■ Your assignment
Once you reach the line with "Lampe de table", copy it and every line after it exactly, up to the end of the data. Omit the pictures.

■ Recorded data
..........

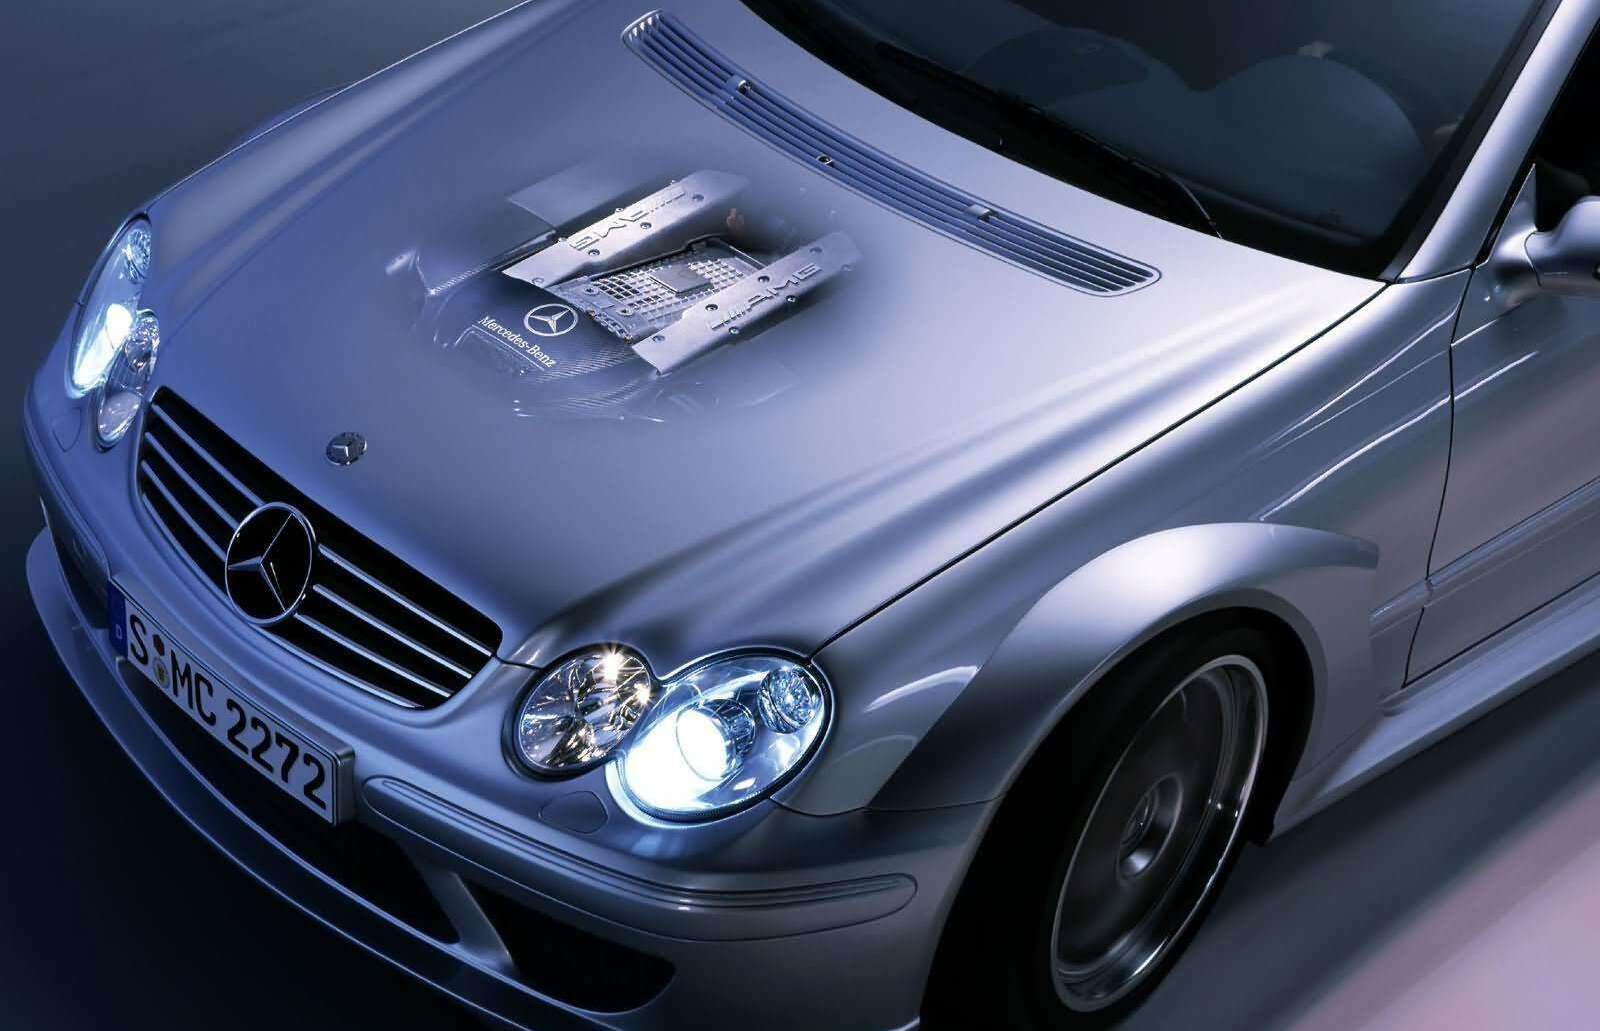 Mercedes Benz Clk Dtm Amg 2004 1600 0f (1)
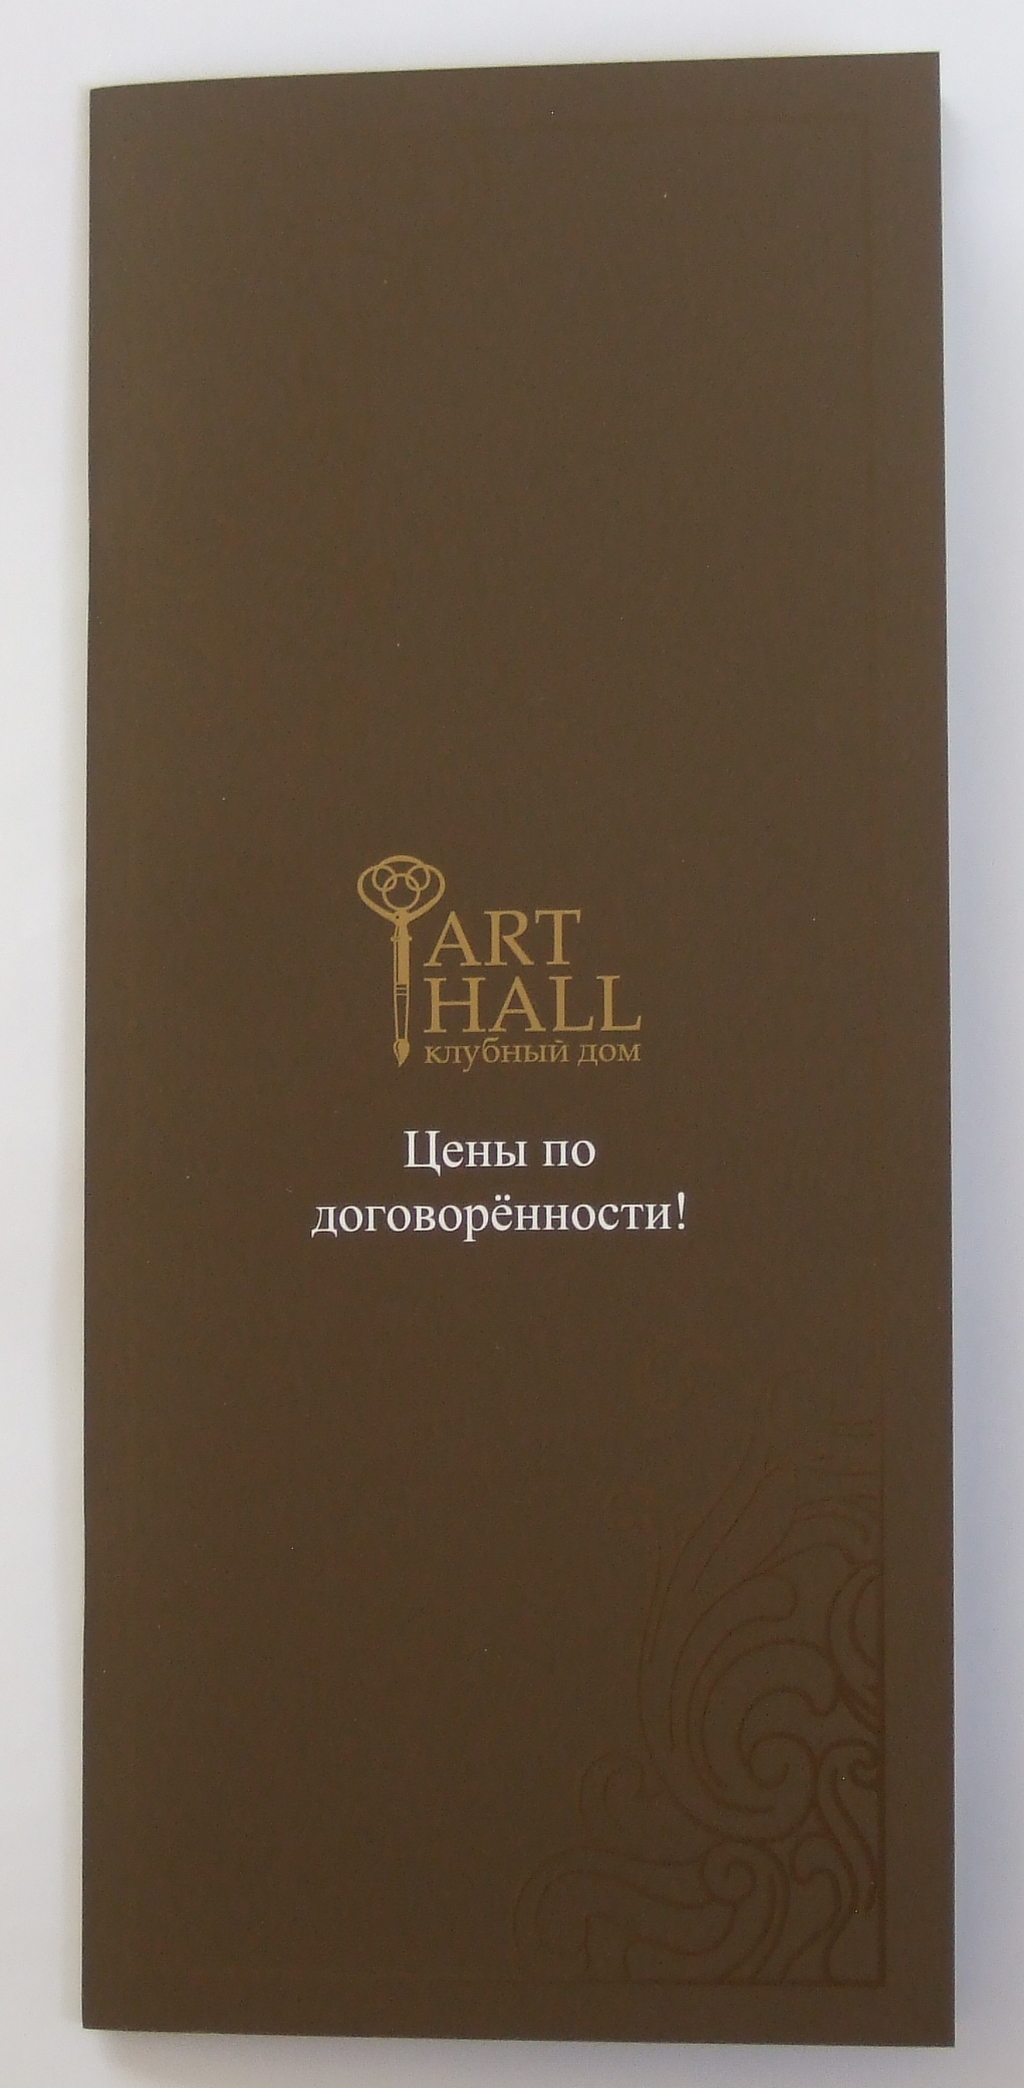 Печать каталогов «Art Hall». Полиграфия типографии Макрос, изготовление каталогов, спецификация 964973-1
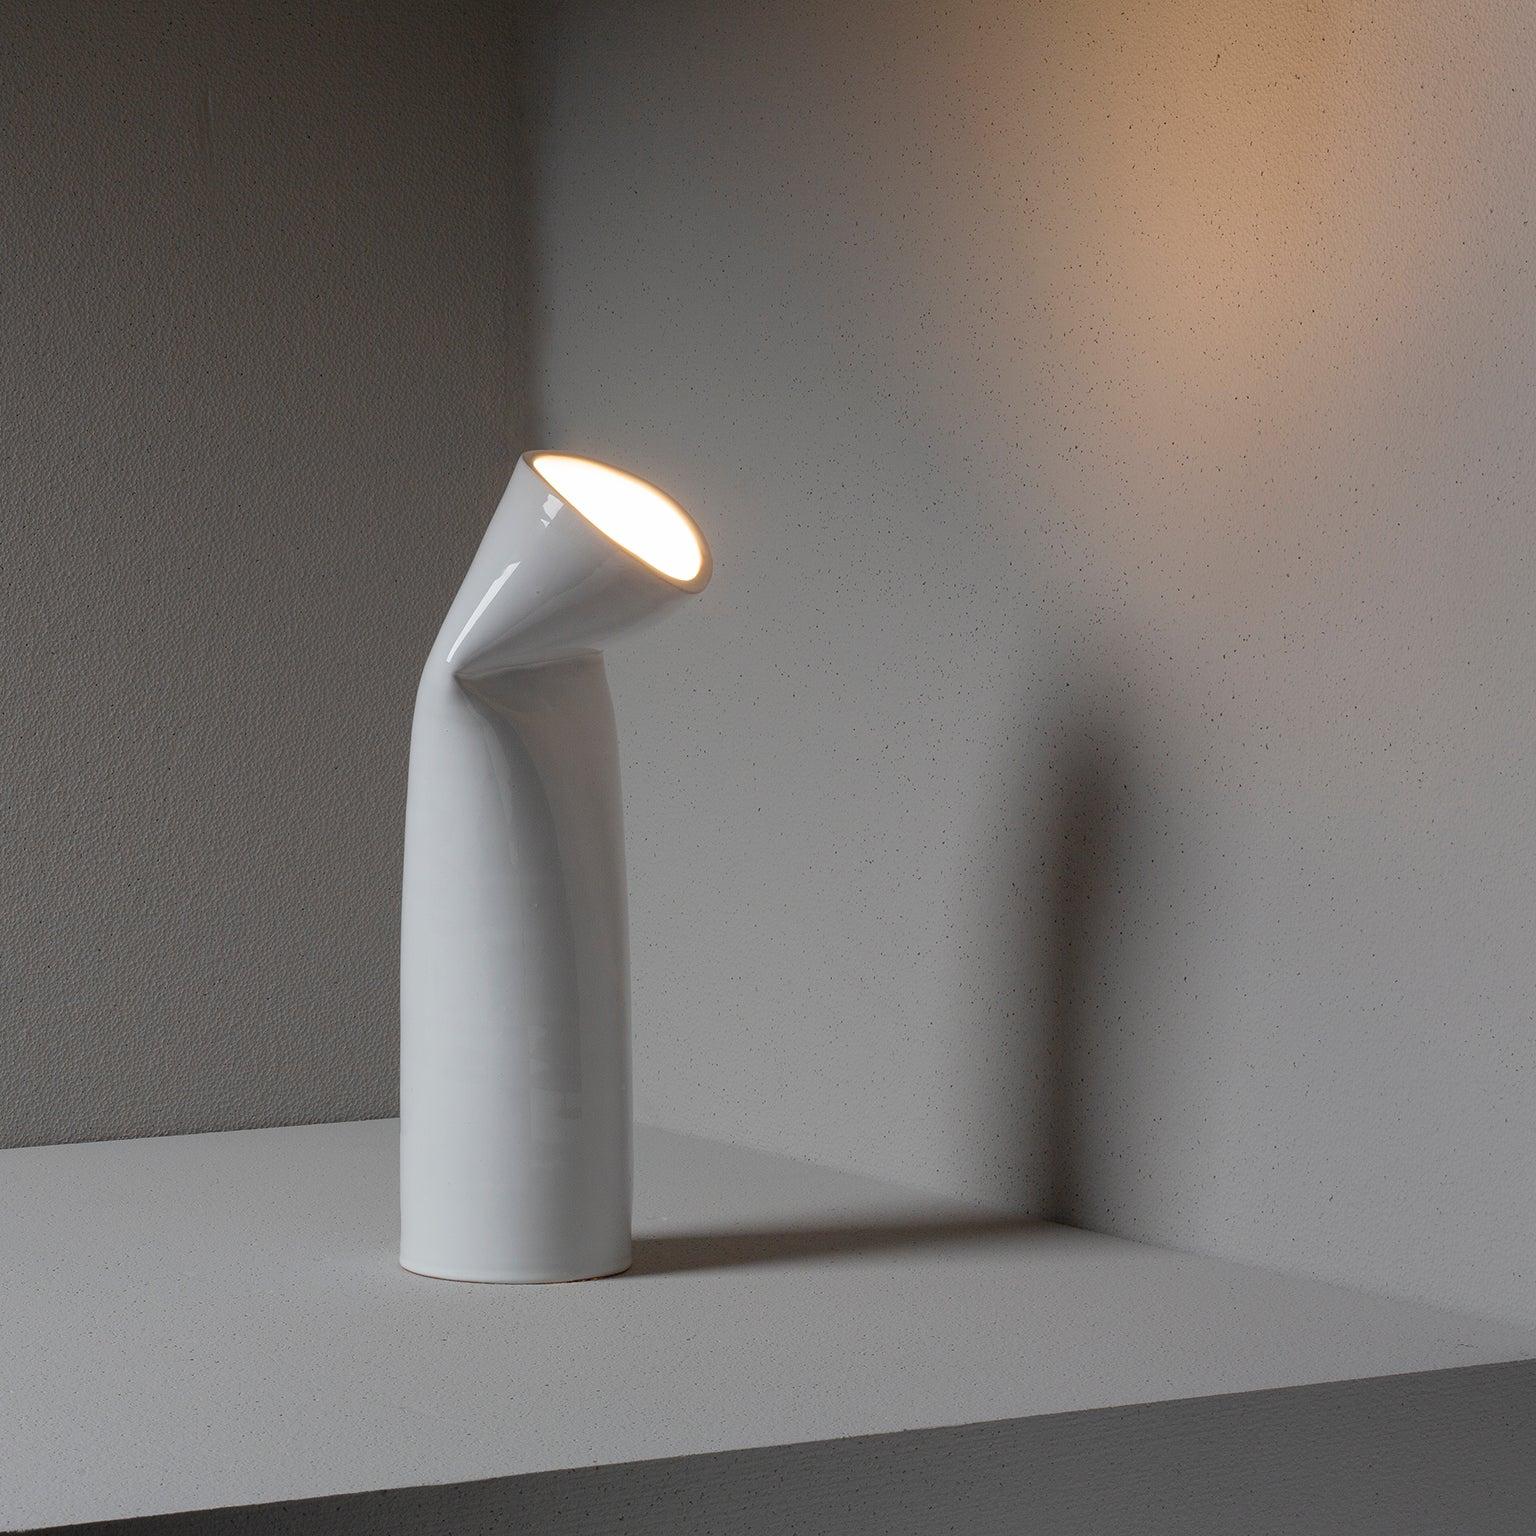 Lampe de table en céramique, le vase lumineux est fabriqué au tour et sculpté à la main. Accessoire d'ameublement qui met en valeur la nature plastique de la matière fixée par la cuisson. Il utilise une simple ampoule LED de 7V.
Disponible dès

..........

■ Solution to the problem
 Lampe de table en céramique, le vase lumineux est fabriqué au tour et sculpté à la main. Accessoire d'ameublement qui met en valeur la nature plastique de la matière fixée par la cuisson. Il utilise une simple ampoule LED de 7V.
Disponible dès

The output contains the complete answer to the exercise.